PROVIDED RECORDS
—————

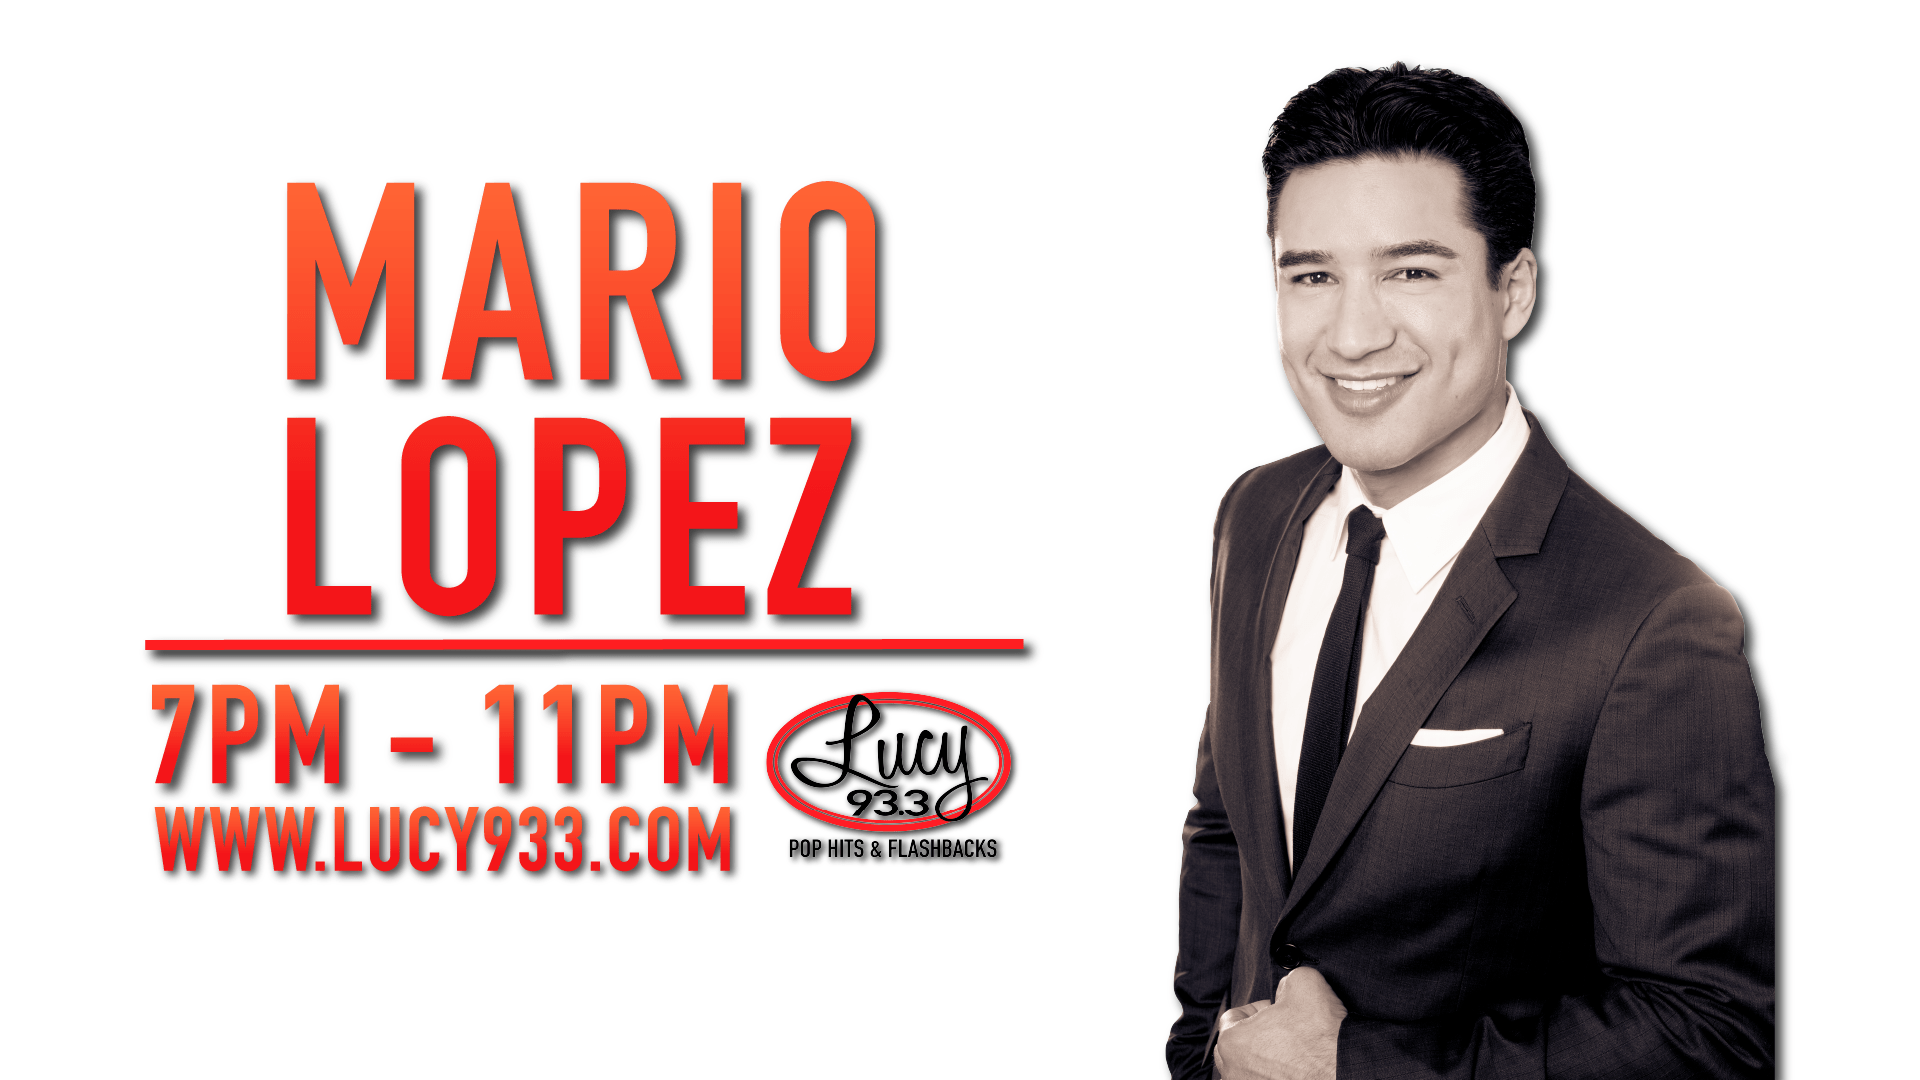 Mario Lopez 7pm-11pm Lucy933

—————

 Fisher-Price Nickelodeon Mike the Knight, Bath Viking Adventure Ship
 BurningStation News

—————

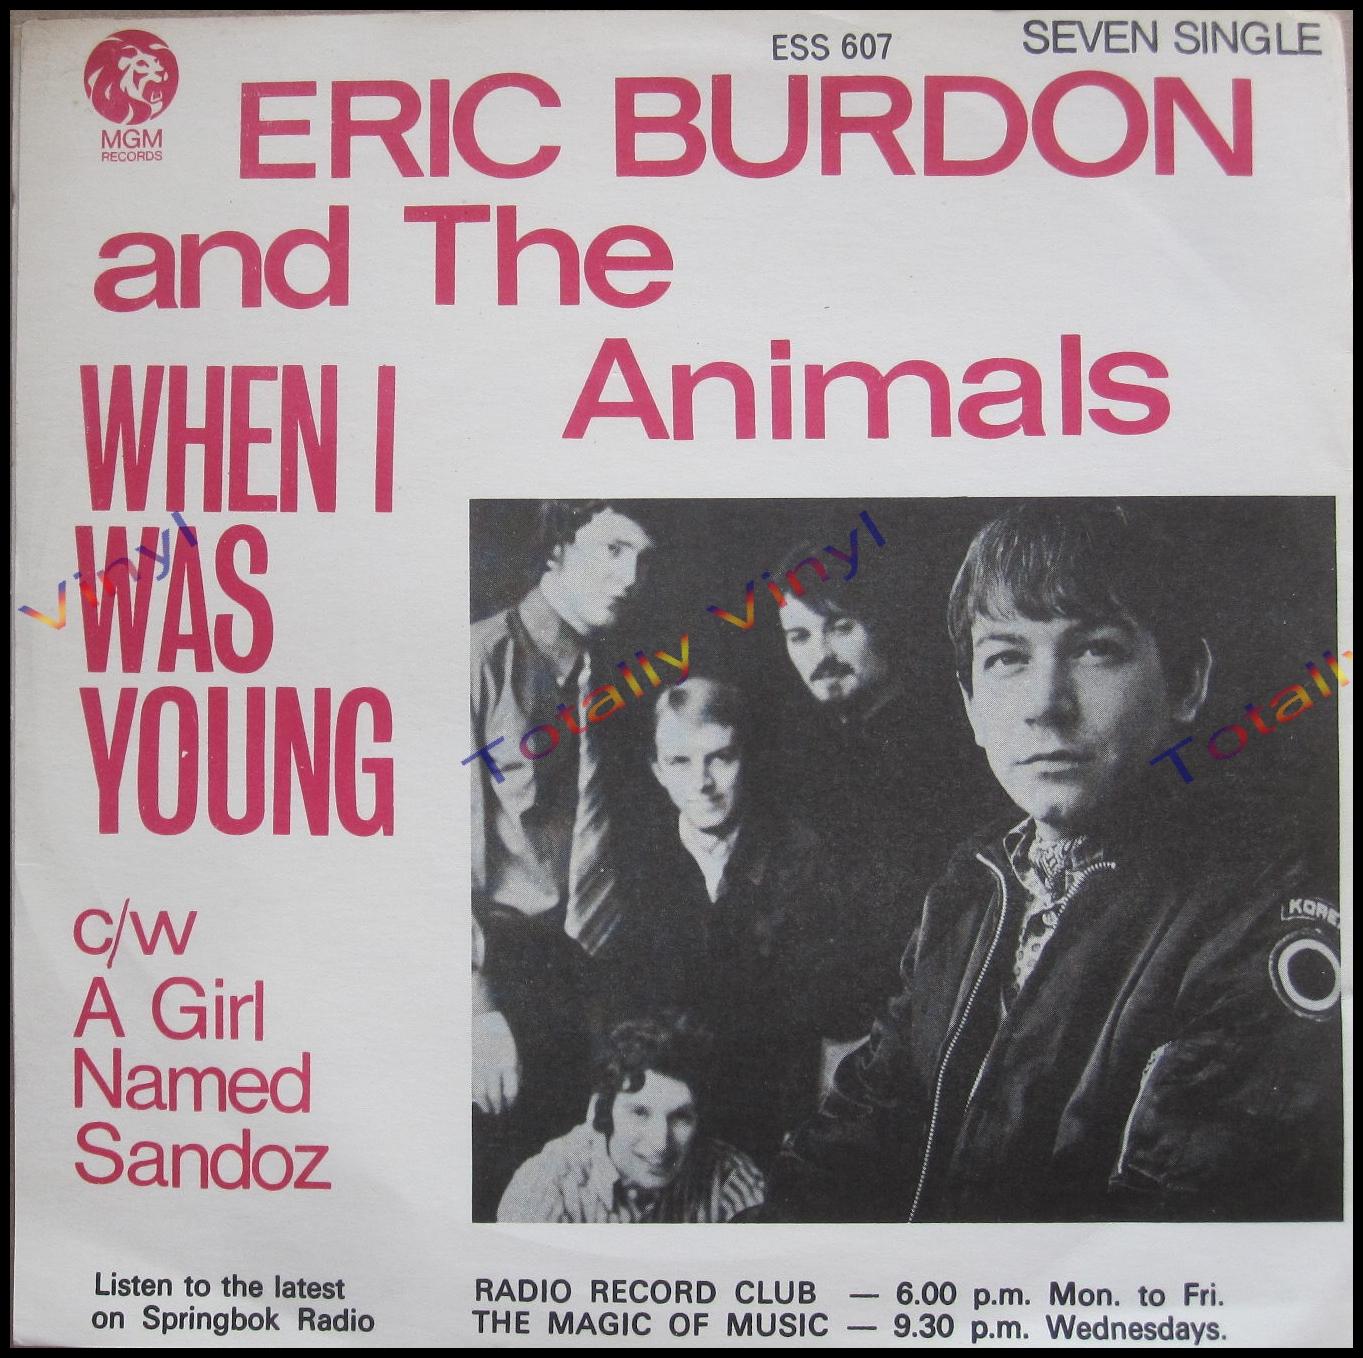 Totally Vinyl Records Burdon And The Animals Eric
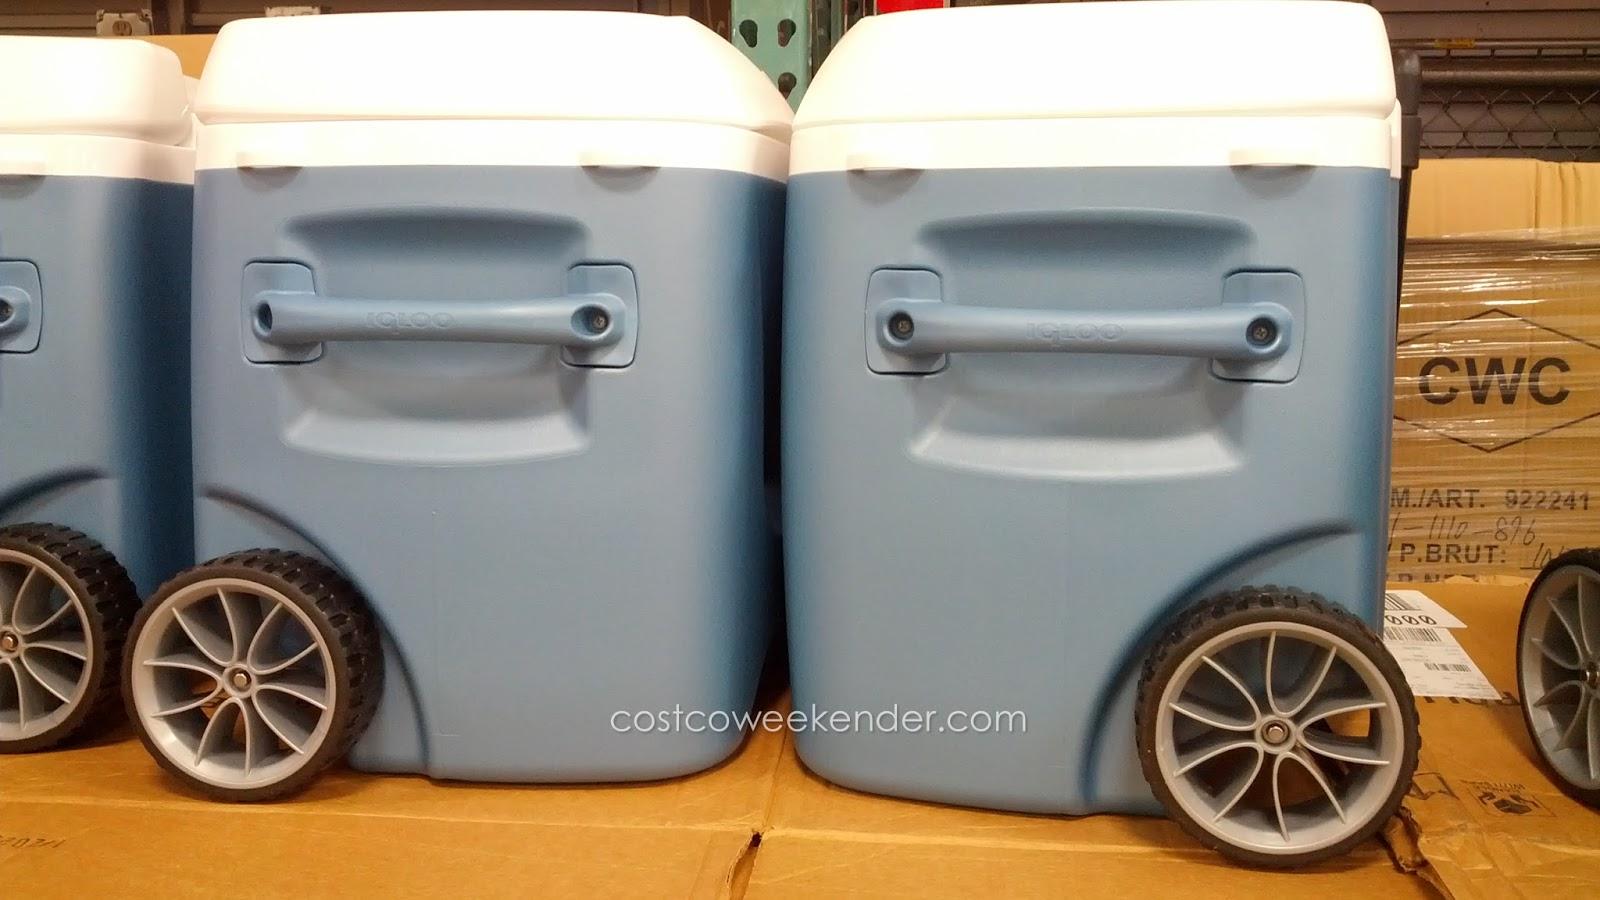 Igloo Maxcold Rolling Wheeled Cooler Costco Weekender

—————

EXERCISE DIRECTIONS
Looking back over the data above, restate word for word the lines that begin at the line with "Fisher-Price Nickelodeon Mike" and end at the line with "BurningStation News", inclusive.

PROBLEM SOLUTION
 Fisher-Price Nickelodeon Mike the Knight, Bath Viking Adventure Ship
 BurningStation News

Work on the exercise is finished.